The encouraging partThe catch
Placebo-controlled human trials existThey're small — 22, 24, and 64 people. Real drugs need hundreds to thousands.
Results were statistically significantMostly on surrogate markers (nerve fibre density), not on how patients actually felt long-term
Published in peer-reviewed journalsNearly all were run or funded by Araim Pharmaceuticals, the company that owns the molecule
Trials began back in 2012No phase 3 trial was ever completed. The eye trial was terminated after enrolling just 9 people.
No major safety alarms reportedShort trials (28 days). Long-term safety in humans is simply unknown.
ARA-290's clinical record — the good and the honest limits

The pattern here is important to understand. A drug with genuinely strong mid-stage results normally attracts investment and moves to large phase 3 trials. ARA-290 has been in trials since 2012 and never got there. That doesn't prove it doesn't work — funding dries up for lots of reasons, and rare diseases like sarcoidosis are commercially unattractive. But more than a decade of not progressing is information, and you should weigh it.
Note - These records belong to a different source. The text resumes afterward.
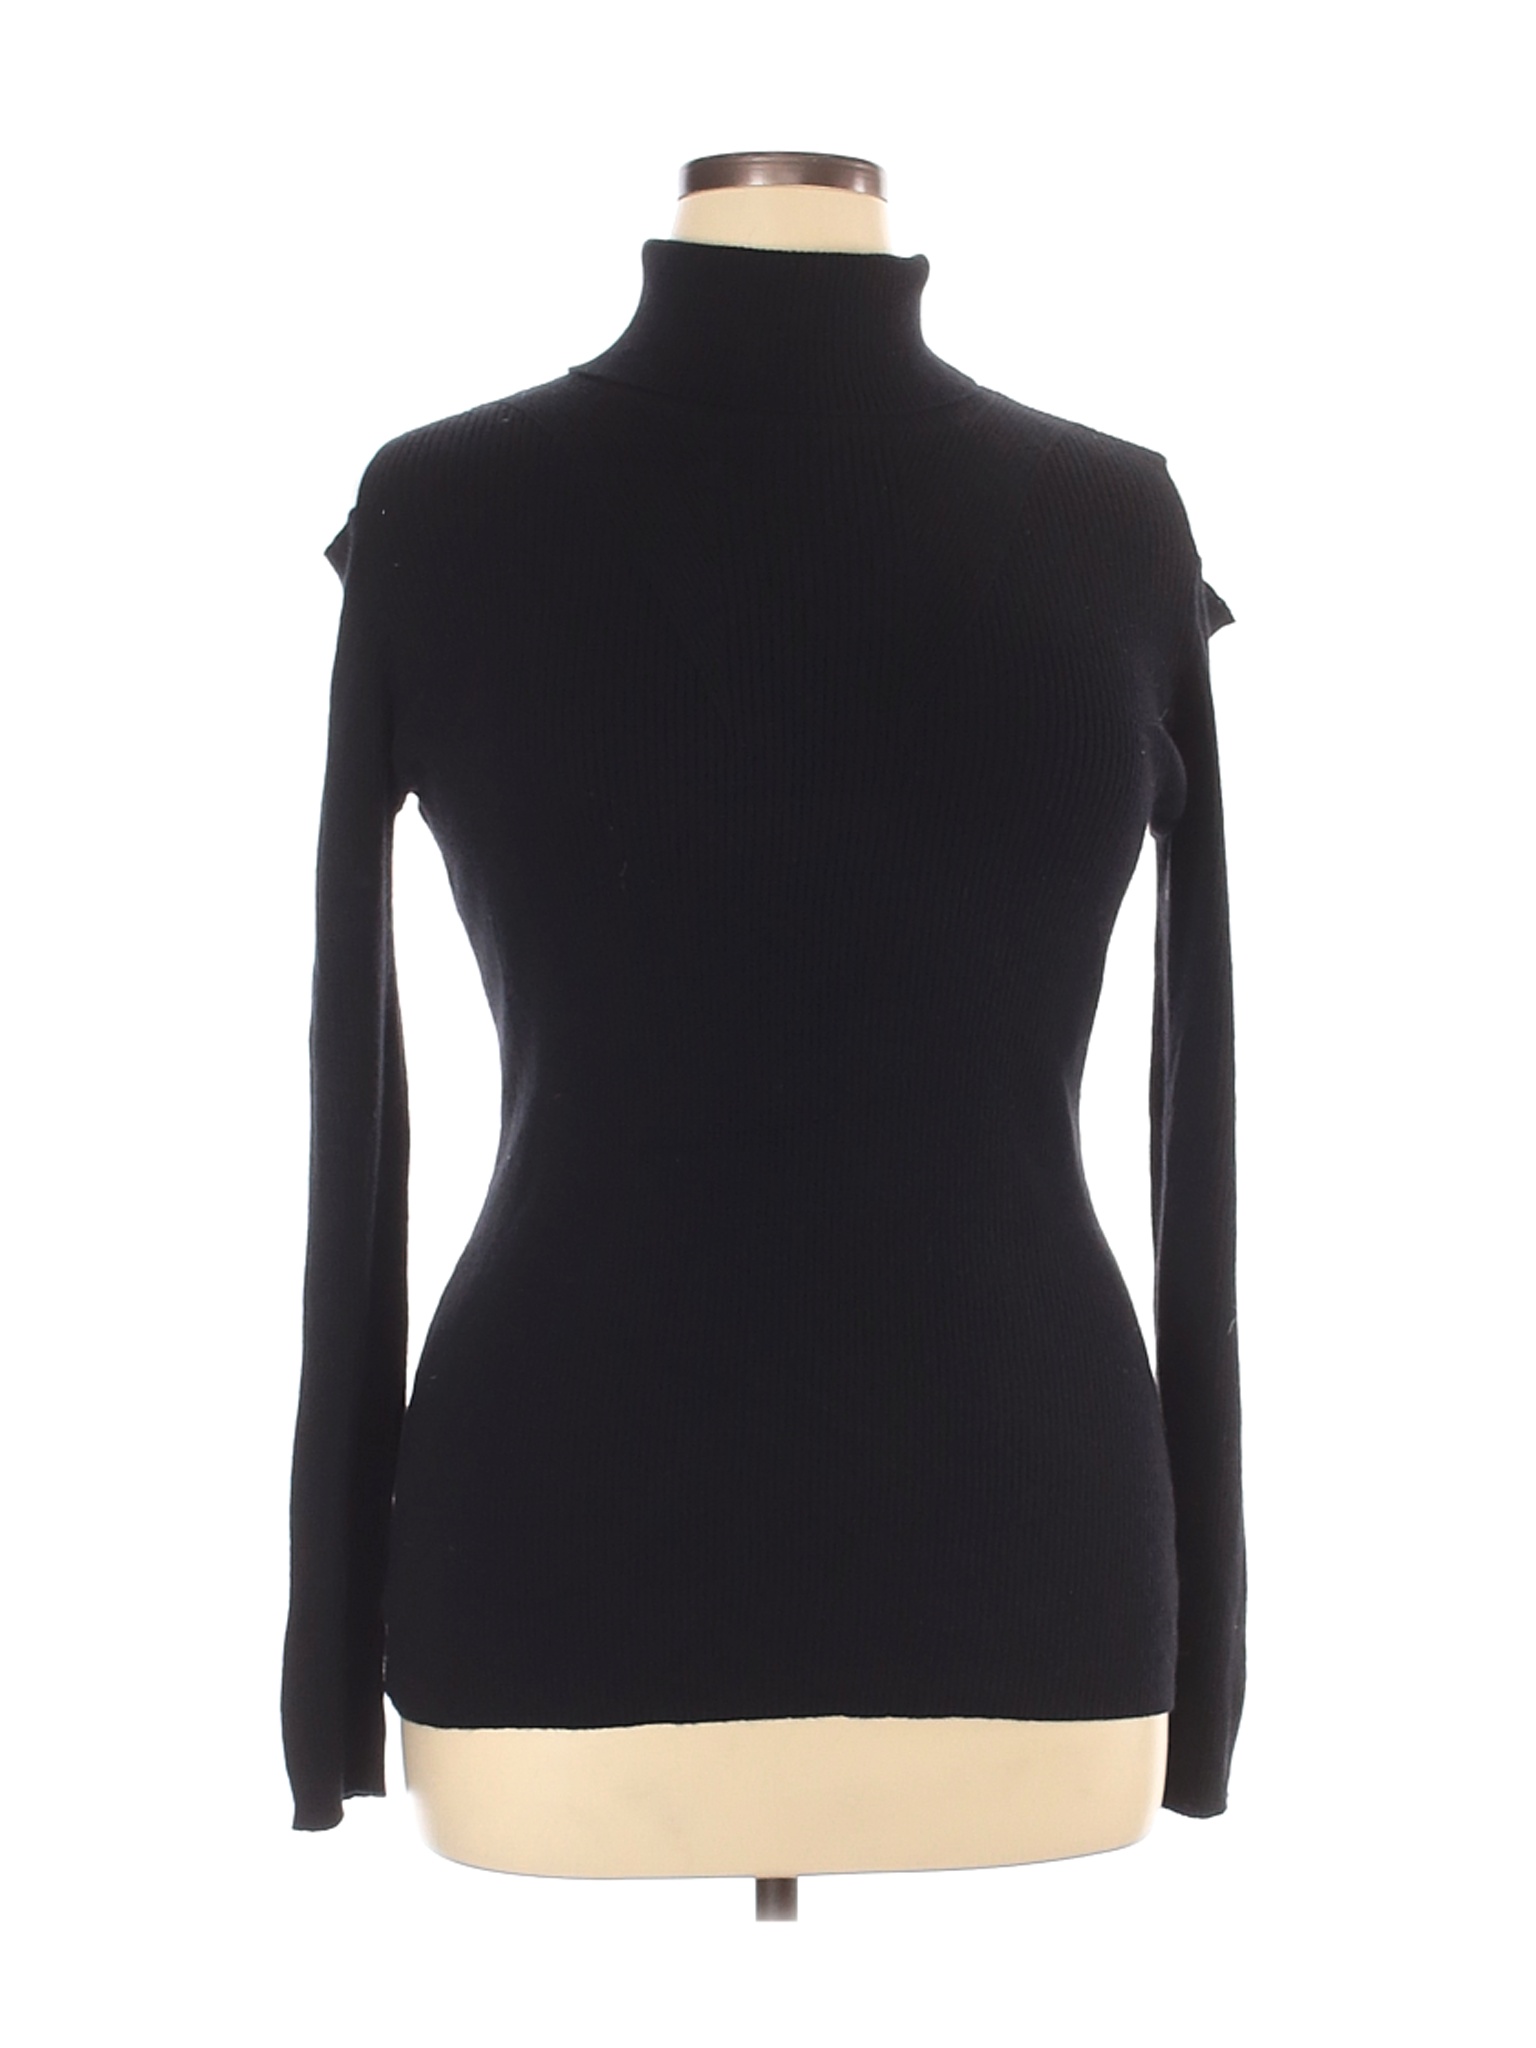 Athleta Women Black Turtleneck Sweater XL | eBay
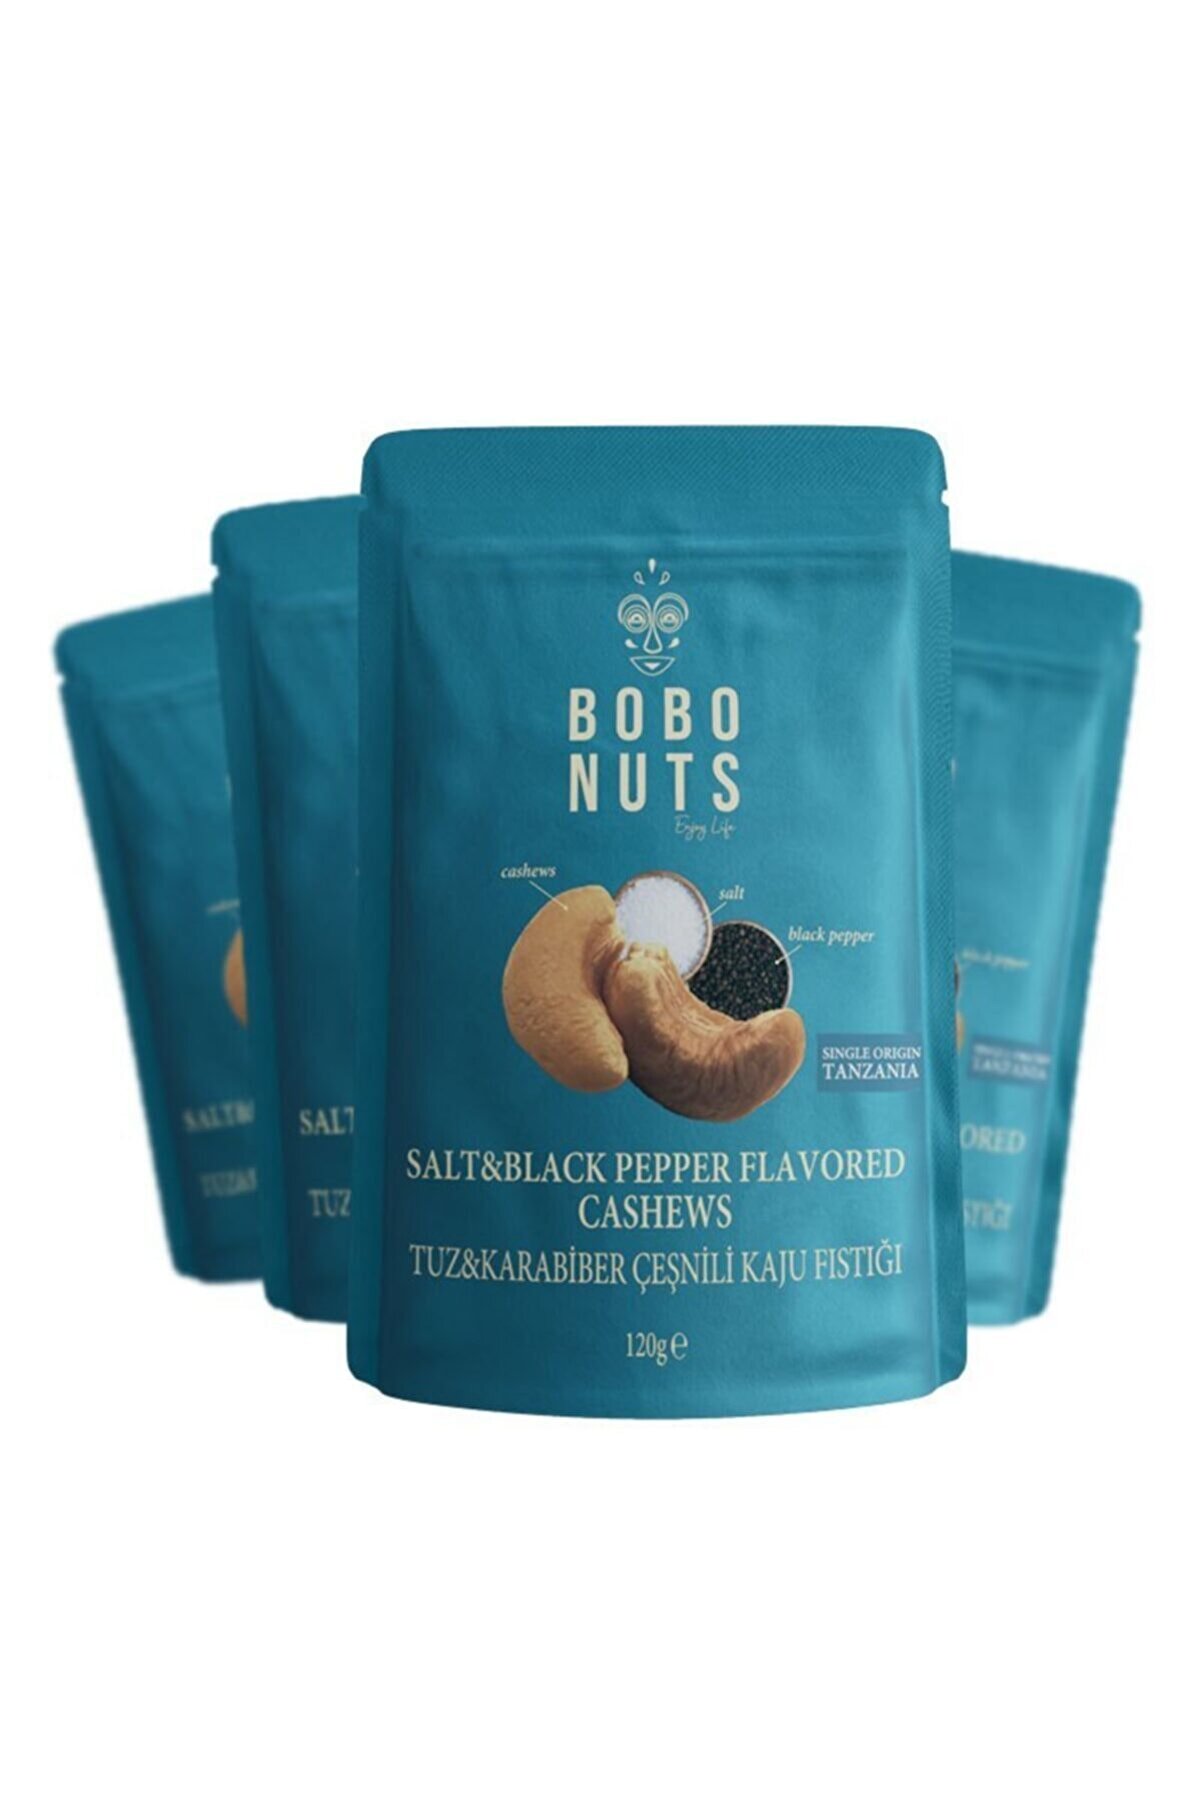 Bobonuts Bobo Nuts Tuz & Karabiber Çeşnili / Soslu Kaju Fıstığı 120g X 4 Paket
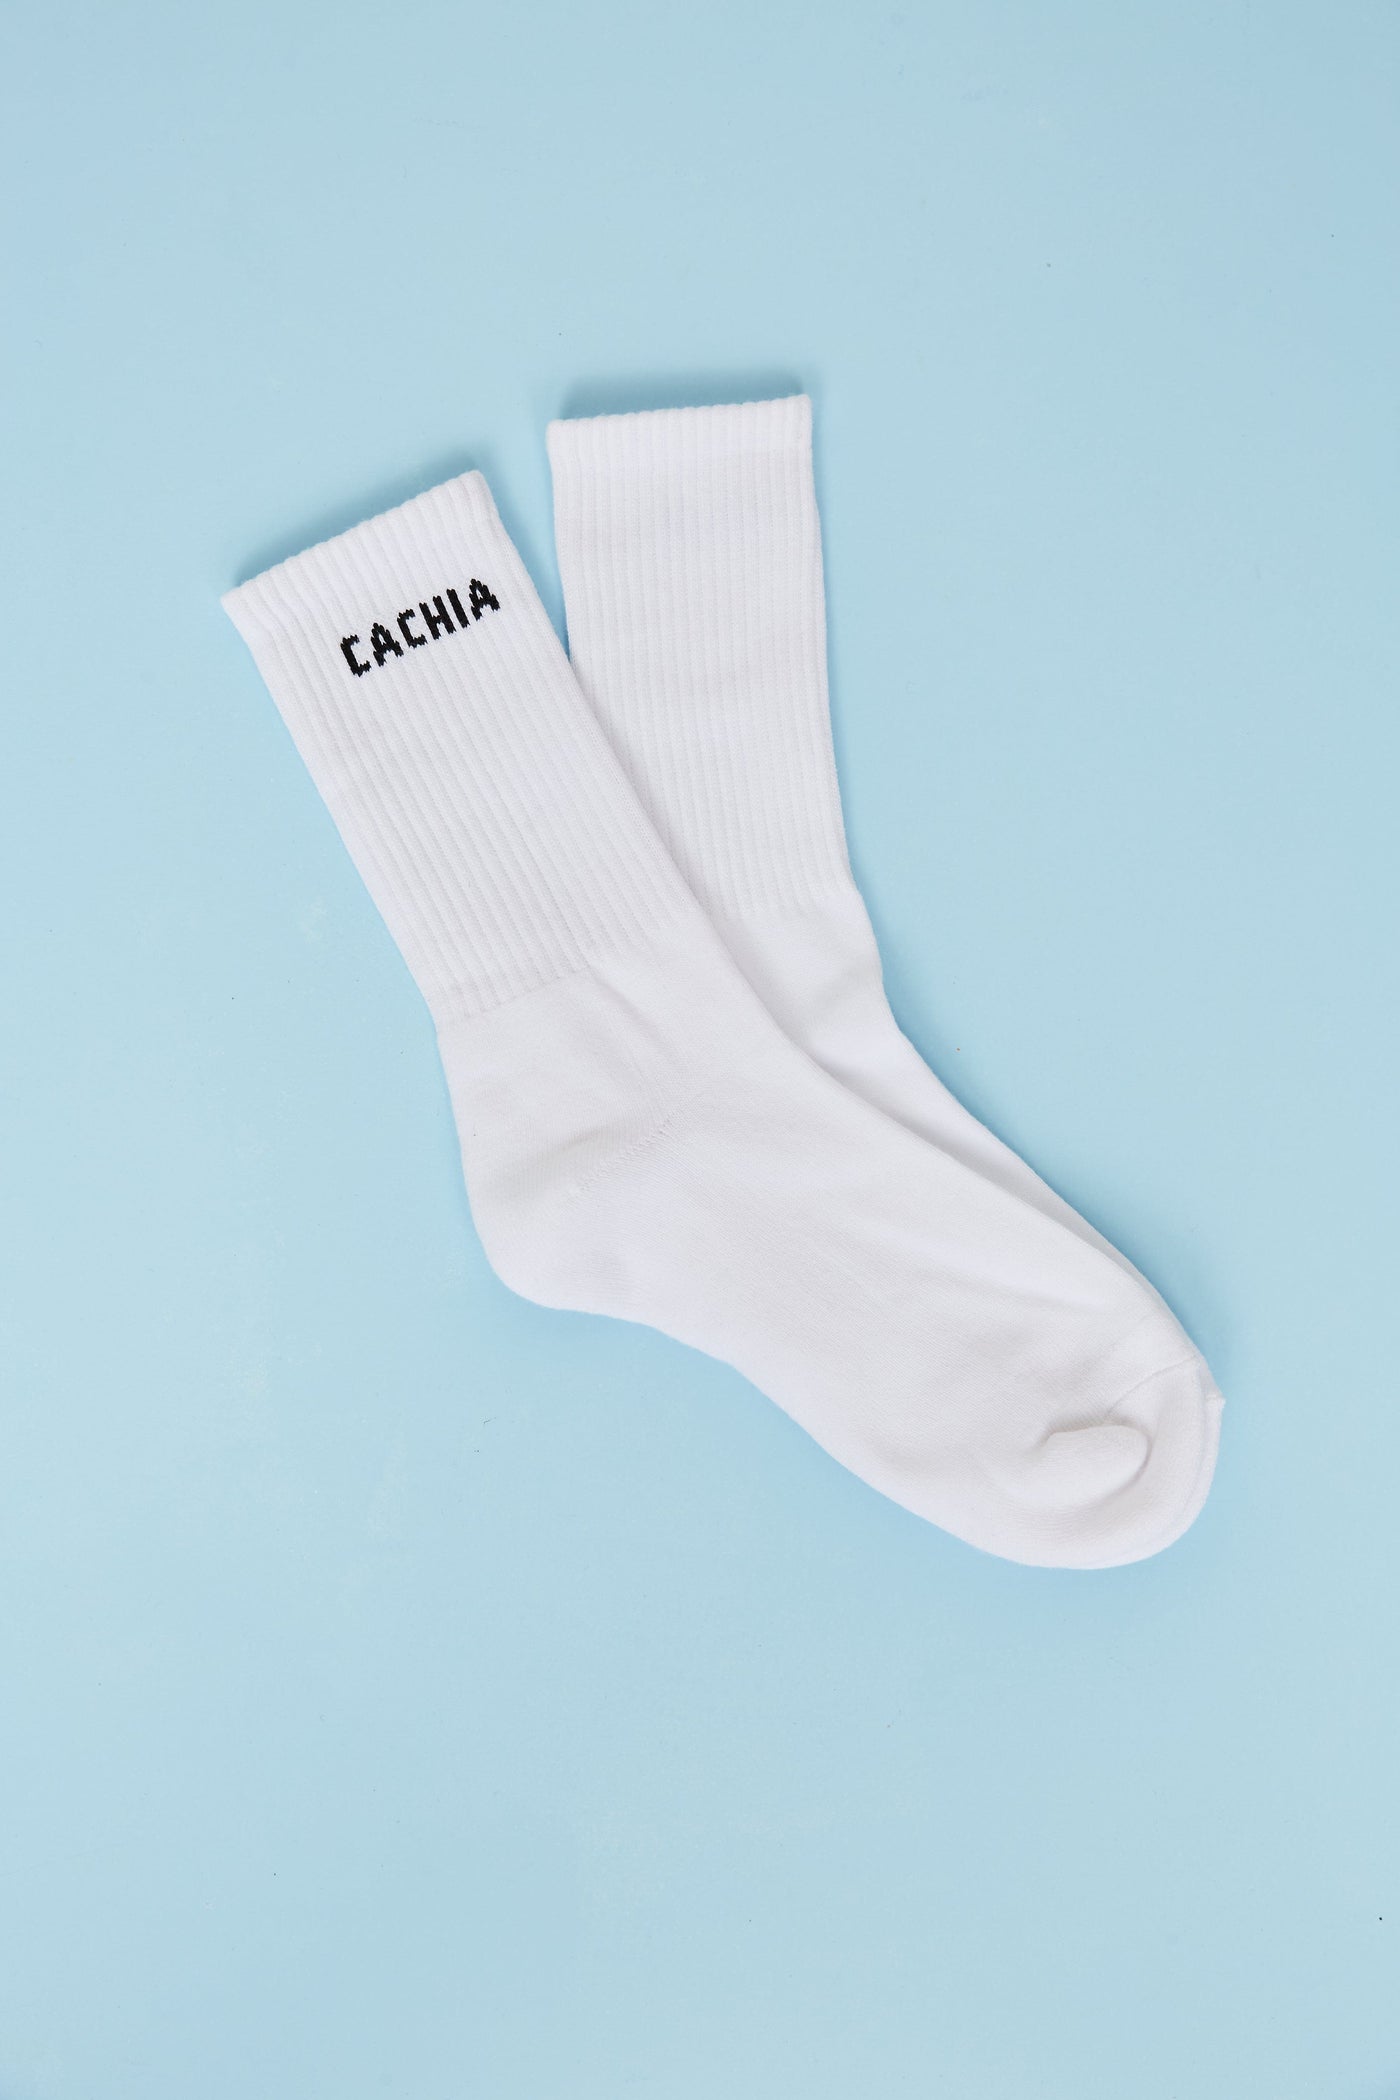 Cachia Cachia Crew Sock - White Sock

What the research points to

  • Genuine placebo-controlled human trials exist — rare for a 'research chemical'
  • Small trials suggested improved nerve-pain symptoms in sarcoidosis patients
  • Measured increases in corneal nerve fibre density — an objective, visible marker
  • A sound scientific rationale: separating EPO's repair effects from its blood effects

What it does NOT prove

  • That it's approved, or proven effective, for anything — no regulator has cleared it
  • That the results hold up at scale — no phase 3 trial was ever completed
  • That it's safe long-term — the human trials ran about 28 days
  • That a vial bought online resembles the tested product in purity or dose

Who talks about it — and why to be careful

ARA-290 gets discussed in biohacking and chronic-pain forums, and vendors lean hard on the phrase "clinically studied" — which is technically true and deeply misleading. "Clinically studied" and "clinically proven" are not the same sentence. Plenty of drugs with promising phase 2 results go on to fail phase 3 completely; that's roughly why phase 3 exists.

There's a second thing worth flagging. The people in those trials had a specific, diagnosed condition — nerve damage from sarcoidosis. Results in that group tell you very little about what the peptide would do in a healthy person, or in someone with nerve pain from a different cause. If you're living with neuropathy, that's genuinely worth taking to a neurologist, who has approved options and can find out what's actually causing it.

What this does not mean

  • This does not mean ARA-290 is approved — 'has been in clinical trials' and 'is an approved medicine' are very different things.
  • This does not mean the promising early results are confirmed; the trials were small and never advanced to a completed phase 3.
  • This does not mean a product bought online matches what was tested — unregulated vials aren't checked for purity, sterility, or dose.
  • This is general education, not medical advice or a recommendation to use ARA-290.